An additional contribution of BPR4GDPR in this context will be its awareness-raising strategy, by all available dissemination means, as well as the BPR4GDPR User Community, that will be leveraged also for the assessment of social aspects of the BPR4GDPR results.
Increase in the use of privacy-by-design principles in ICT systems and services
BPR4GDPR will providing a holistic, yet modular, solution supporting privacy-by-design throughout the entire lifecycle of an organisational process, based collectively on innovative approaches. In fact, BPR4GDPR is a project that has been conceived on the basis of by-design principles, and as such has been prior research that will be leveraged by the project, as well as the innovation activities that the project will execute.
The BPR4GDPR focus is on processes, being either business processes or compositions of services; in fact, service-orientation has evolved as the dominant paradigm in modern software systems, marking a clear shift in software engineering towards autonomous functional entities that interact with each other in a loosely-coupled manner and support the development of rapid, low-cost, interoperable, evolvable, and massively distributed applications.
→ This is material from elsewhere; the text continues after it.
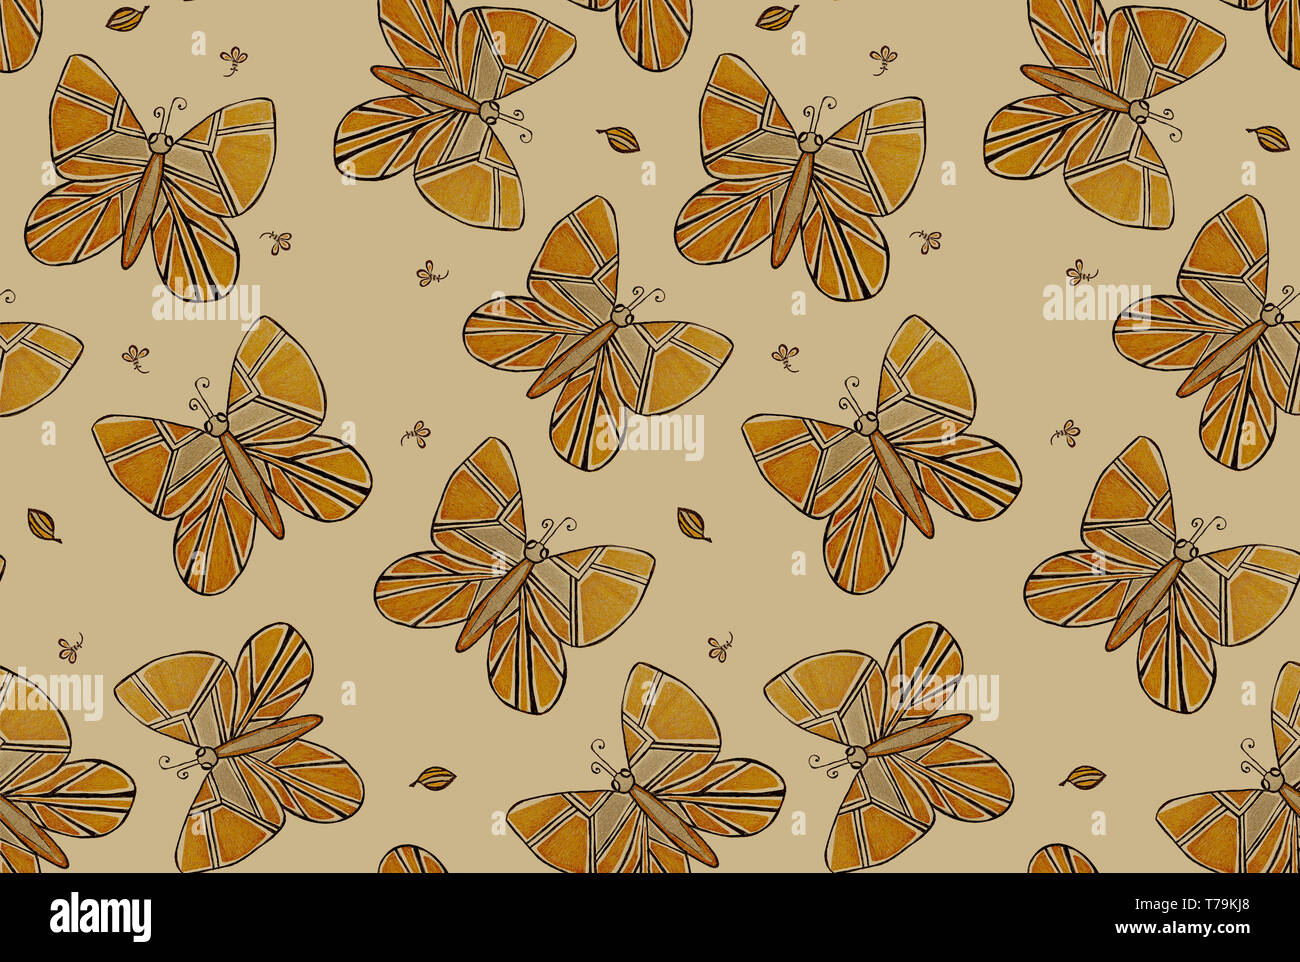 Batterfly Beige motif transparente pour les tissus, vêtements Banque D'Images

Software services, and workflows thereof, are used in business and data intensive applications, whereas the of the Internet of Things (IoT), Cyber-Physical Systems (CPS), Cloud and Fog computing, provided new ground for service-orientation and workflows, resulting in their broad, or emerging, use in respective application domains, including healthcare, energy, transportation, finance, telecommunications, manufacturing and logistics, critical infrastructures, and others. Therefore, workflows and service compositions that are inherently privacy-aware will contribute to a great extent to the application of privacy-by-design at large scale.
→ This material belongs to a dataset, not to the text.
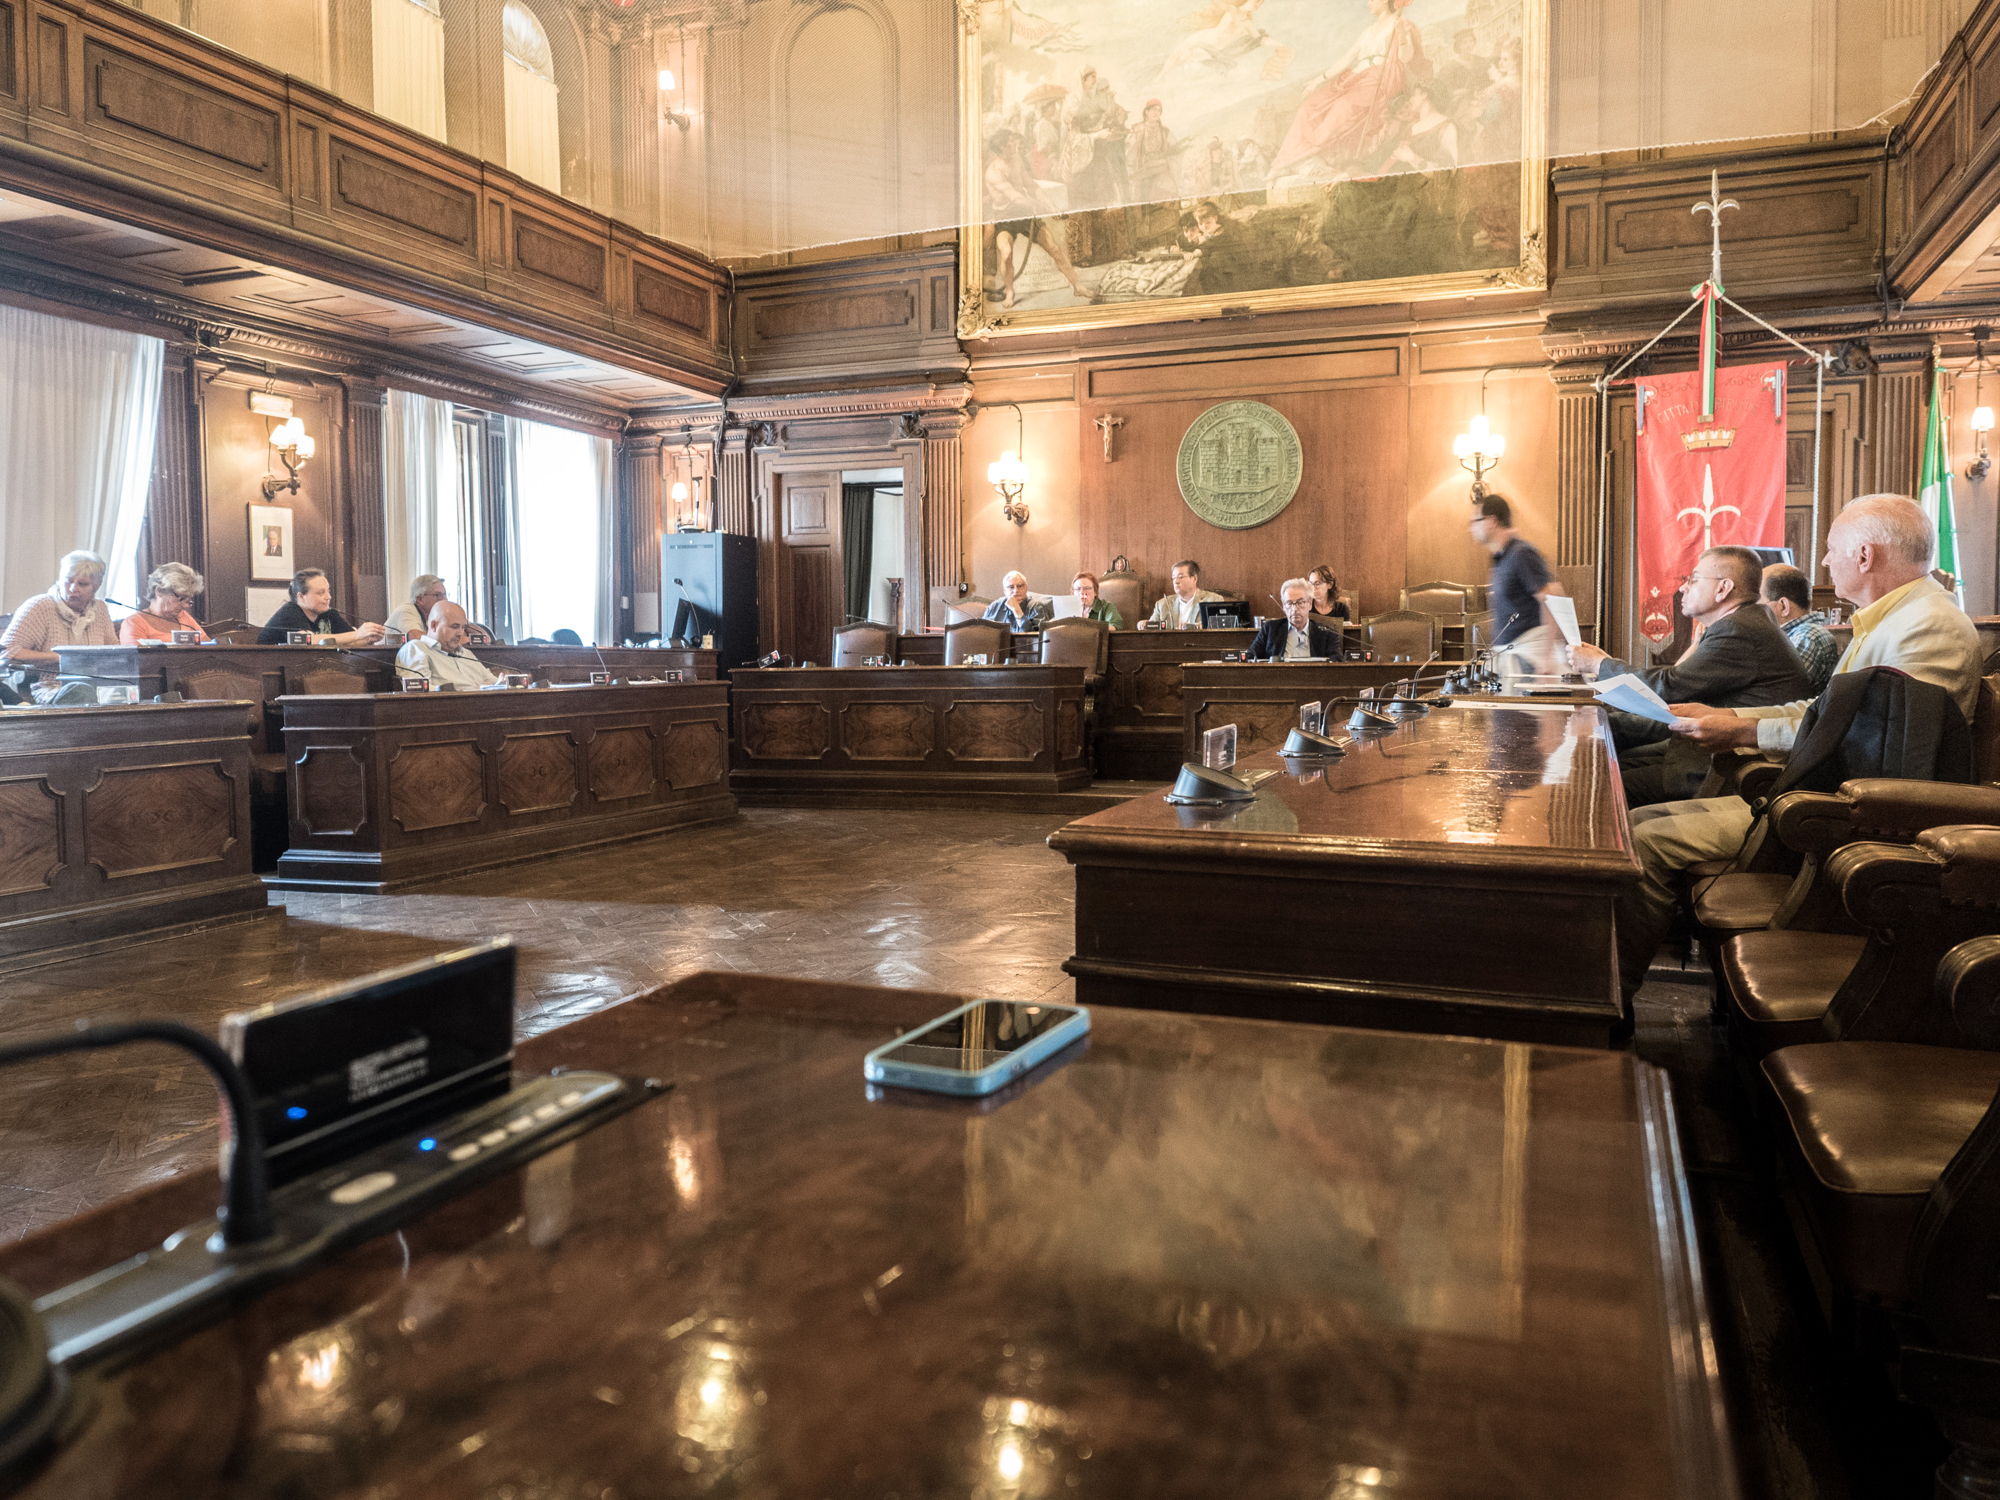  Durante il Consiglio Comunale di Trieste del 11 Settembre 2015 è stata consegnata al sindaco dall'Associazione No Smog una petizione popolare, firmata da 383 cittadini, per conoscere la provenienza, il contenuto e l'eventuale nocività delle polveri

To this end, the BPR4GDPR framework contribution shall be considerable, by ensuring:
- the incorporation of comprehensive security and privacy policies in an intuitive manner in process models;
- the verification of process models and their transformation so that they are by design privacy-aware;
- the enforcement of policies during execution, along with active data protection by means of “a compliance toolkit” and enforcement of data subjects’ rights;
- continuous auditing and adaptation of both workflow models and running instances, by means of privacy-aware process mining, for coping with compliance discrepancies.
Furthermore, an intended BPR4GDPR deployment model is to be provided as part of Cloud infrastructures, thereby ensuring compliance of applications running there. We refer to this as Compliance-as-a-Service (CaaS), and it is anticipated to further promote privacy-by-design principles. In fact, there is a growing trend in the use of Cloud, due to flexibility and operational burden reliefs. Gartner predicts an 18% increase in the Public Cloud market in 2017, and adopts the projection that this market will nearly double in 2020 compared to 2016, approaching 400 million dollars. Compared to other software deployment models, IDC claims that by 2020, penetration of Software-as-a-service (SaaS) versus traditional software deployment will be over 25%, whereas packaged software will shrink to 10% of new enterprise installations11. Therefore, the Cloud presents enormous potential impact; in fact, according to a DBO report, the vast majority (74%) of technology CFOs consider Cloud computing as the technology with the most measurable impact on their business in 2017. Therefor, BPR4GDPR expect to exploit this potential and bring privacy-by-design into practice.